Bobcat yelled out, frantic to locate the community doctor. Abel went to Bobcat’s aid and found his friend pressing the spilled guts of a victim back into the abdomen. “Where’s doc?” blurted Bobcat. “We’ve got to sew up him up right away.”

A single shot outside the building brought another wave of screaming, but the shot was not followed by a second. The room emptied of most of the town’s citizens, many running to the basement, others to the second floor. Few dared venture outside. At the back of the room, Abel recognized community physician Arthur Ruckelshaus. The doctor was leaning over a small figure on the floor, tearing at his shirt, ripping strips of cloth away and wadding the material. Abel left Bobcat and jumped over fallen chairs to get to the back of the room. He came down on his knees next to the doctor, and pleaded for him to help with the injured man at the middle of the hall.

“It’s your daughter, Abel,” spat the doctor, working frantically.

Abel glared at the waif sprawled in a lake of blood on the floor.

“No, no!” he yodeled to the ceiling. “This can’t be happening.”

The doctor pushed cloth into a great open wound at the back of the neck, and plugged a tiny hole around the opposite side.

“She’s bleeding out, Abel. I’ve got to stop this or I’m going to lose her.”

Abel hands trembled. He stammered, stuttered. “What, what, can I do, ah, what? I’ve got to do something.”

“Get Max to plow us out to Morris.”

Through the community center Abel sprinted, screaming the name of Max, the man who managed the production facilities and maintained the fleet of restored cars at the Beaver Den. Max bounded down the steps from the second floor and caught Abel as he raced for the basement stairs.

“What is it?

“Get the plow out!”

“What?”

“We’ve got injured. Let’s go.”

Max held the Abel at an arm’s length. “Abel, we can’t plow that crap out there.”

“Damn it, man, make it happen. I don’t care how,” Abel bellowed.

* * *

Fronted by a dump truck, outfitted with chains and a steel V-blade plow and heavily weighted down with a load of wet earth, a convoy of three automobiles edged into the lot before the CC. The most seriously injured were ferried from the building to the vehicles and stretched out in the back seat of each. Abel insisted on driving one of the cars while the doctor worked to stabilize his daughter. The community figurehead was scattered. He needed something concrete to focus on.

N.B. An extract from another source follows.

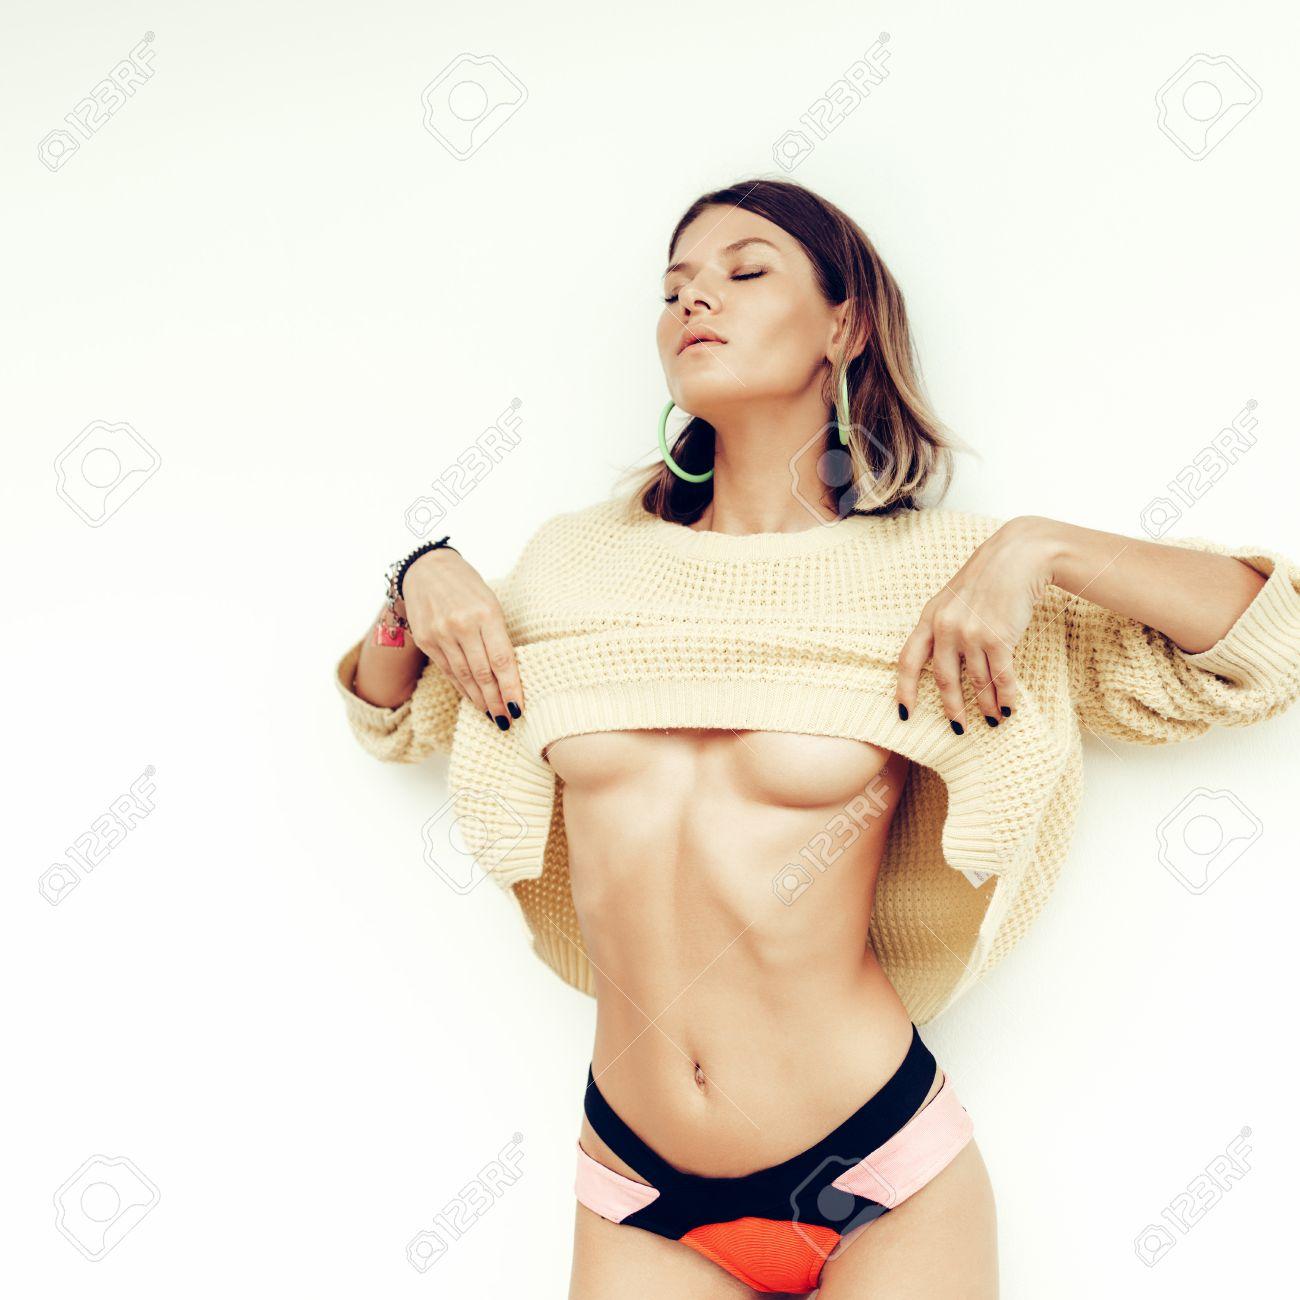 Girls in bikini taking it off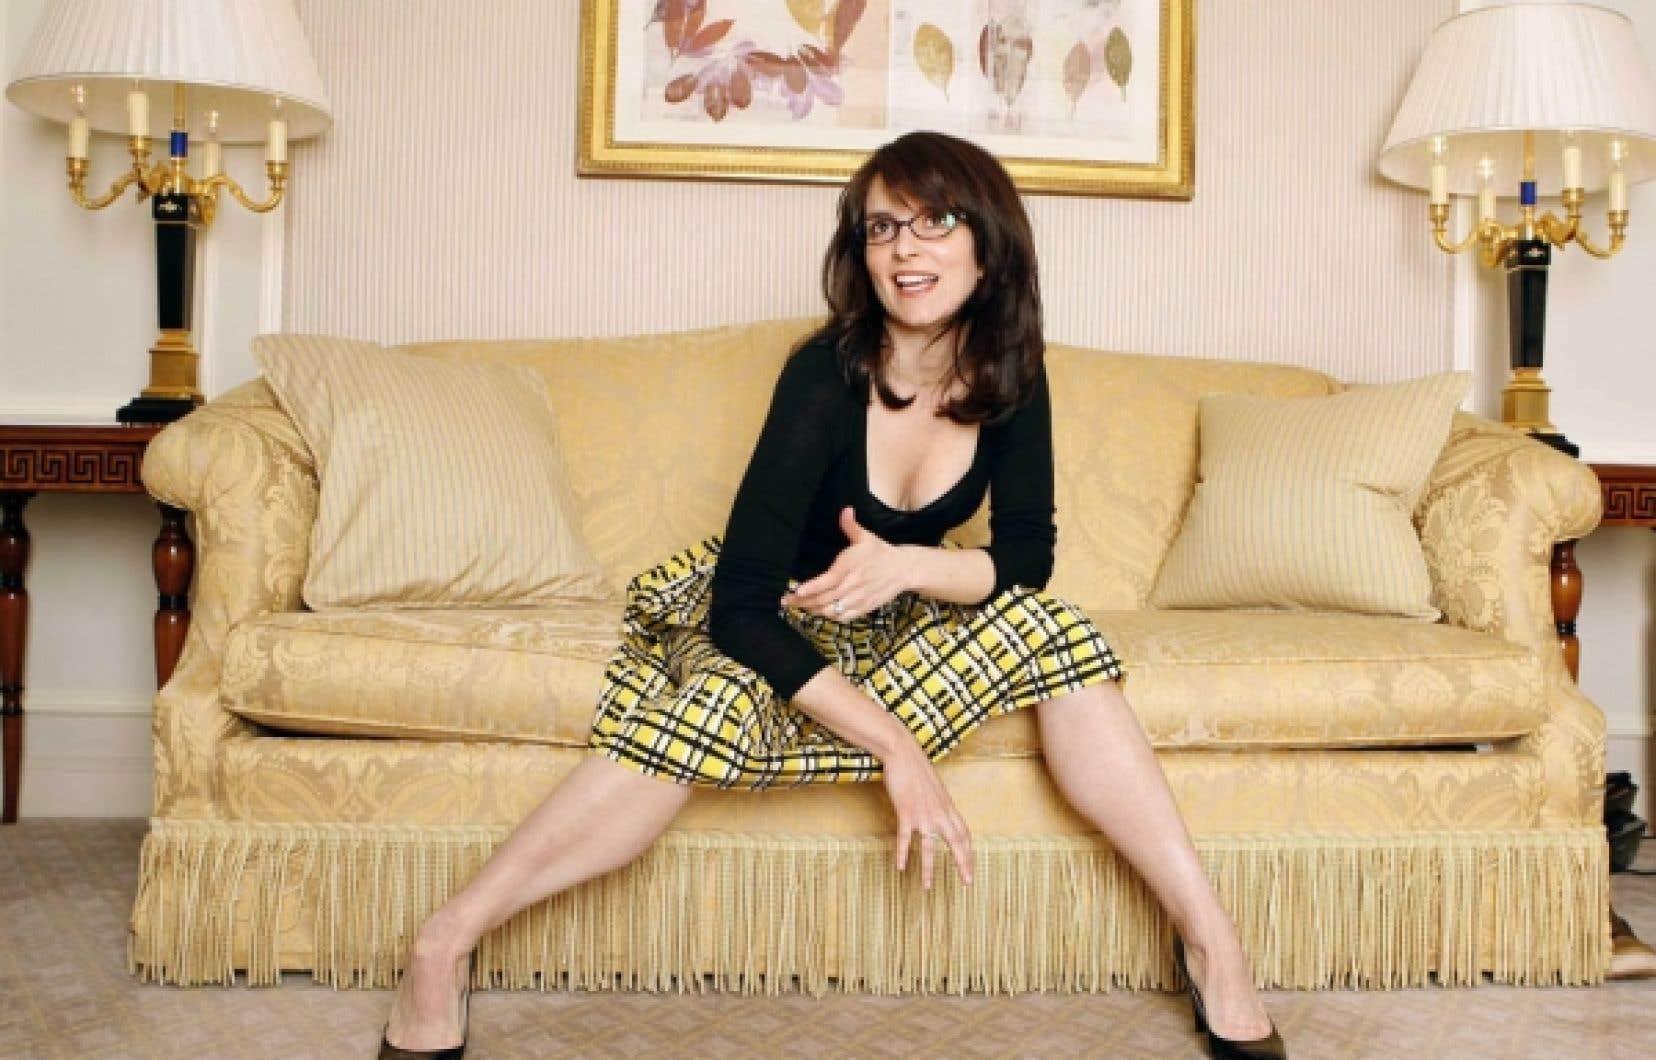 L'actrice et scénariste Tina Fey, bien connue pour 30 Rock et sa parodie de Sarah Palin, a été nommée parmi les geeks de l'année 2008 par le magazine Wired.

The doctor fashioned a backboard from a cupboard door ripped from the kitchen and tucked folds of linen tablecloth on each side of Pelee’s head. Slowly six volunteers moved the child to the first car in line behind the truck. As they loaded the little figure into the back seat, the doctor gave the six instructions.

“Have Bobcat get in touch with University Hospital any way he can. Tell them to have IV plasma at the ready and to scrub up for surgery. Now, there are two dead inside. Remove them to the kitchen, please, clean them with care and wrap them in cloth. Strap them down to something, anything. Put the bodies in the cold foyer, please.”

Ants in a line, the vehicles threaded the narrow two-mile access lane out to Rural 7. Against the burden of ash and new snow, the plow labored at a snail’s pace. They could get to Graceville on Route 28, Max guessed, since he and a crew had slashed a single lane out through the ash to that hamlet a week earlier to gain access to Chamberlain Lumber for a load of sawdust for the town’s powerplant. But east of Graceville, the driver of the truck feared, the convoy would bog down.

In the forward car, the community physician had little to bring to bear against the grievous  wound in Pelee’s neck. Abel, glancing incessantly into the rear view mirror, watched Art Ruckelshaus raise the child’s legs and prop them up higher than the body. He covered her with his jacket and told Abel to turn up the car’s heat fully. The general practitioner applied sustained pressure to the neck wound for a minute then relaxed. This he repeated over and over in the hopes that the pressure would encourage clotting in minor blood vessels and slow the loss of blood.

“You’ve got to go faster, Abel,” the doctor ordered. “She’s losing too much blood.”